That’s the sobering prediction made by MIT professor Andrew McAfee, co-author of Rage Against the Machine, at his recent TED talk. McAfee predicts that machines and software will be touching every job — from knowledge workers to journalists to even truck drivers. At this point, he adds, we’re only at the beginning stages of the digitization of jobs. “We ain’t seen nothing yet,” he says.

Self-driving vehicles may put millions of truck drivers out of business. Articles and reports generated by algorithms take human writers out of the equation. Language translation is now a free, online service.

“Most knowledge workers are actually generalists,” McAfee points out. “What they do is they sit on top of a very large body of expertise and knowledge, and they use that to react on the fly to unpredictable demands — and that’s very difficult to automate.” However, hook an interactive, natural-language service such as Apple’s Siri intelligent assistant to IBM’s Watson computer, and all bets are off. “Siri is far from perfect,” he says. “But we should also keep in mind Moore’s law trajectory. In six years, they’re not going to be two times or four times better — they’ll be 16 times better than they are right now.”

Now, the good news: There are silver linings to this relentless growth in automation and smart systems, McAfee says. The current wave of automation is likely one of the most profound developments shaping human history — more so than wars, empires or plagues. “None of these of these things have mattered very much” when compared to the impact of the industrial revolution. “There has been one story, one development in human history that bent the curve, and it is a technology story. The steam engine and other associated technologies of the industrial revolution changed the world and influenced history so much, they made mockery out of everything that had come before. They did this by infinitely increasing the power of our muscles, overcoming the limitations of our muscles.”

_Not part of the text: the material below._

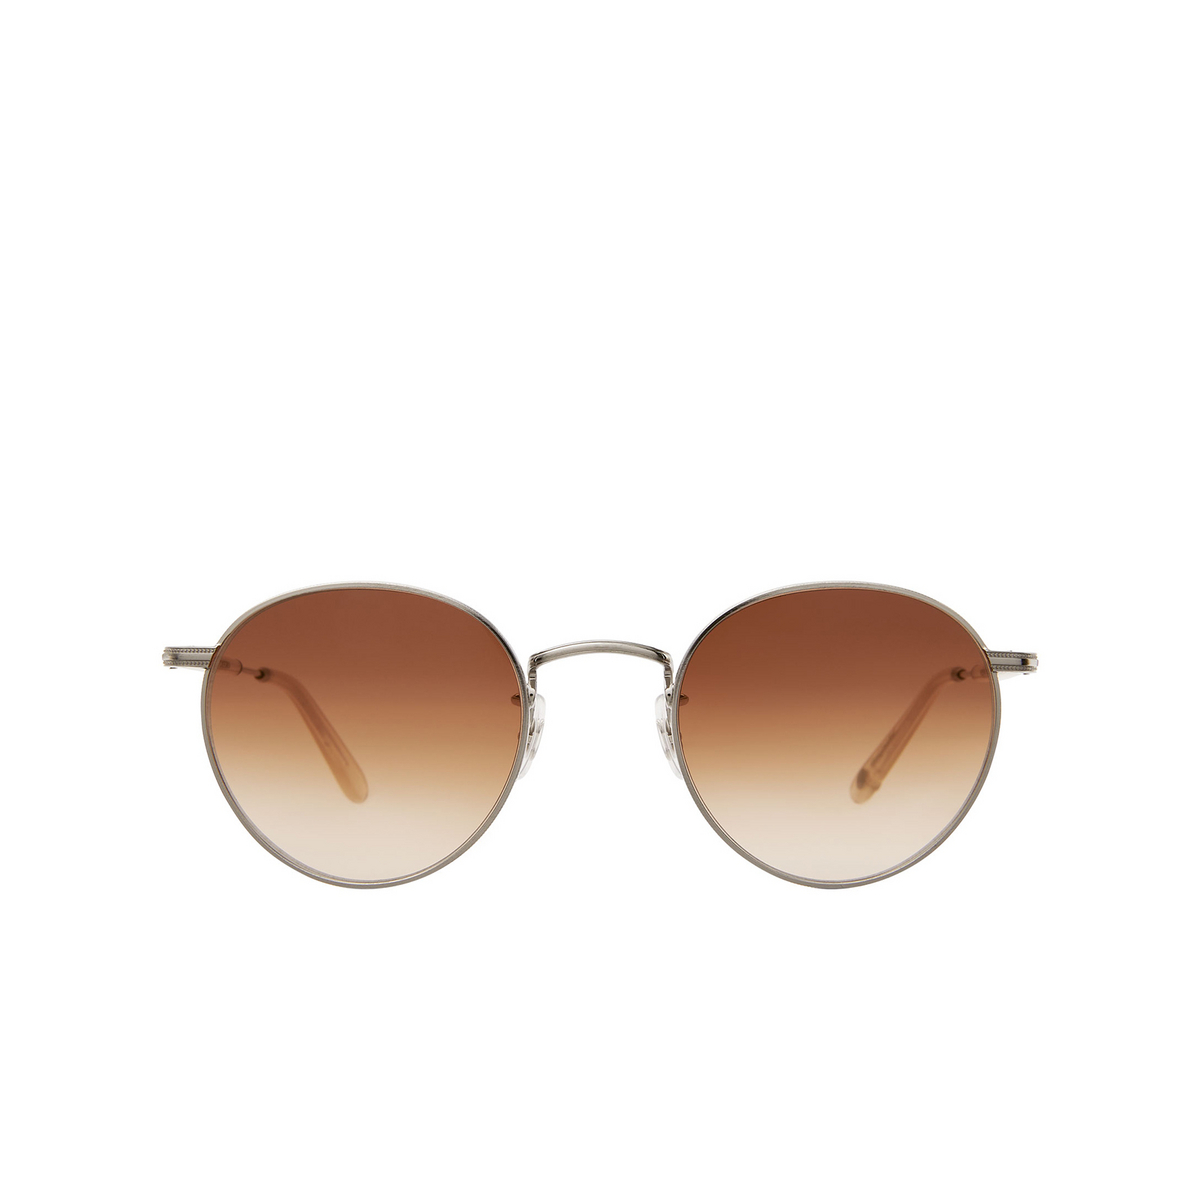 Garrett Leight® Round Sunglasses: Wilson M Sun color Brushed Silver-matte Beige Bs-mbge/sfbrntg - front view.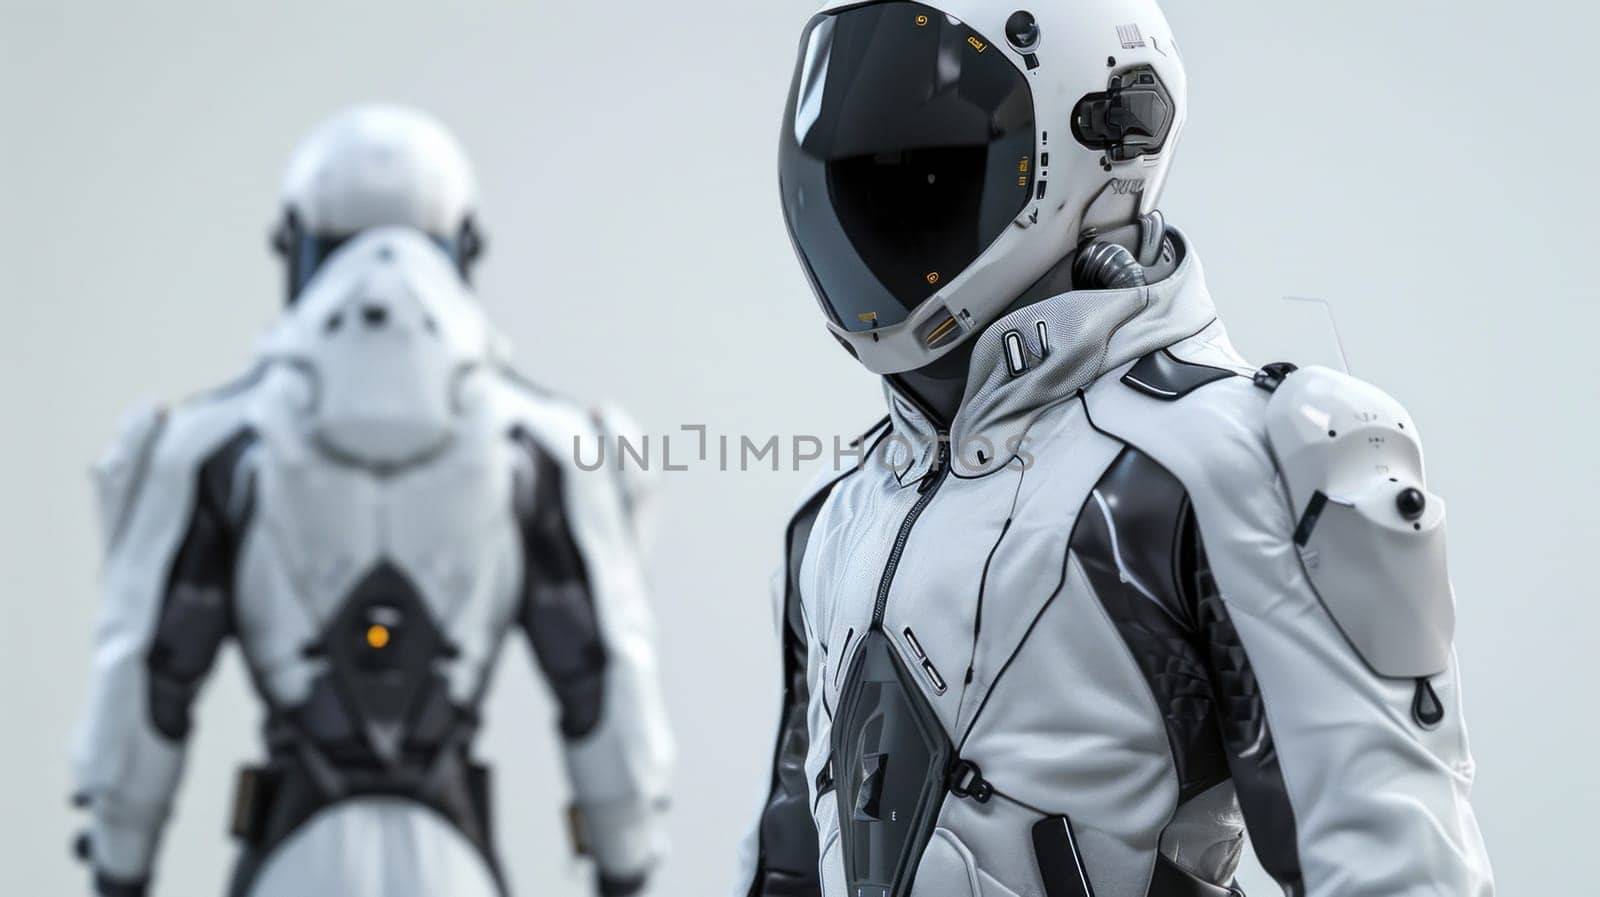 A close up of a white and black suit with helmet

Now, that same infinite power of machines is “overcoming the limitations of our individual brains, and infinitely multiplying our mental power,” McAfee says.

Technology is a great equalizer, empowering people from all backgrounds and on all continents to improve their lives. “Economies don’t run on energy, they don’t run on capital, they don’t run on labor. Economies run on ideas. So the work of innovation, the power of coming up with new ideas, is some of the most powerful and fundamental work we can do as a society.”

Previously, the only people who had access to resources are those who may have graduated from elite institutions, “who are then put them into other elite institutions,” McAfee explains. “And then we would wait for the innovation.”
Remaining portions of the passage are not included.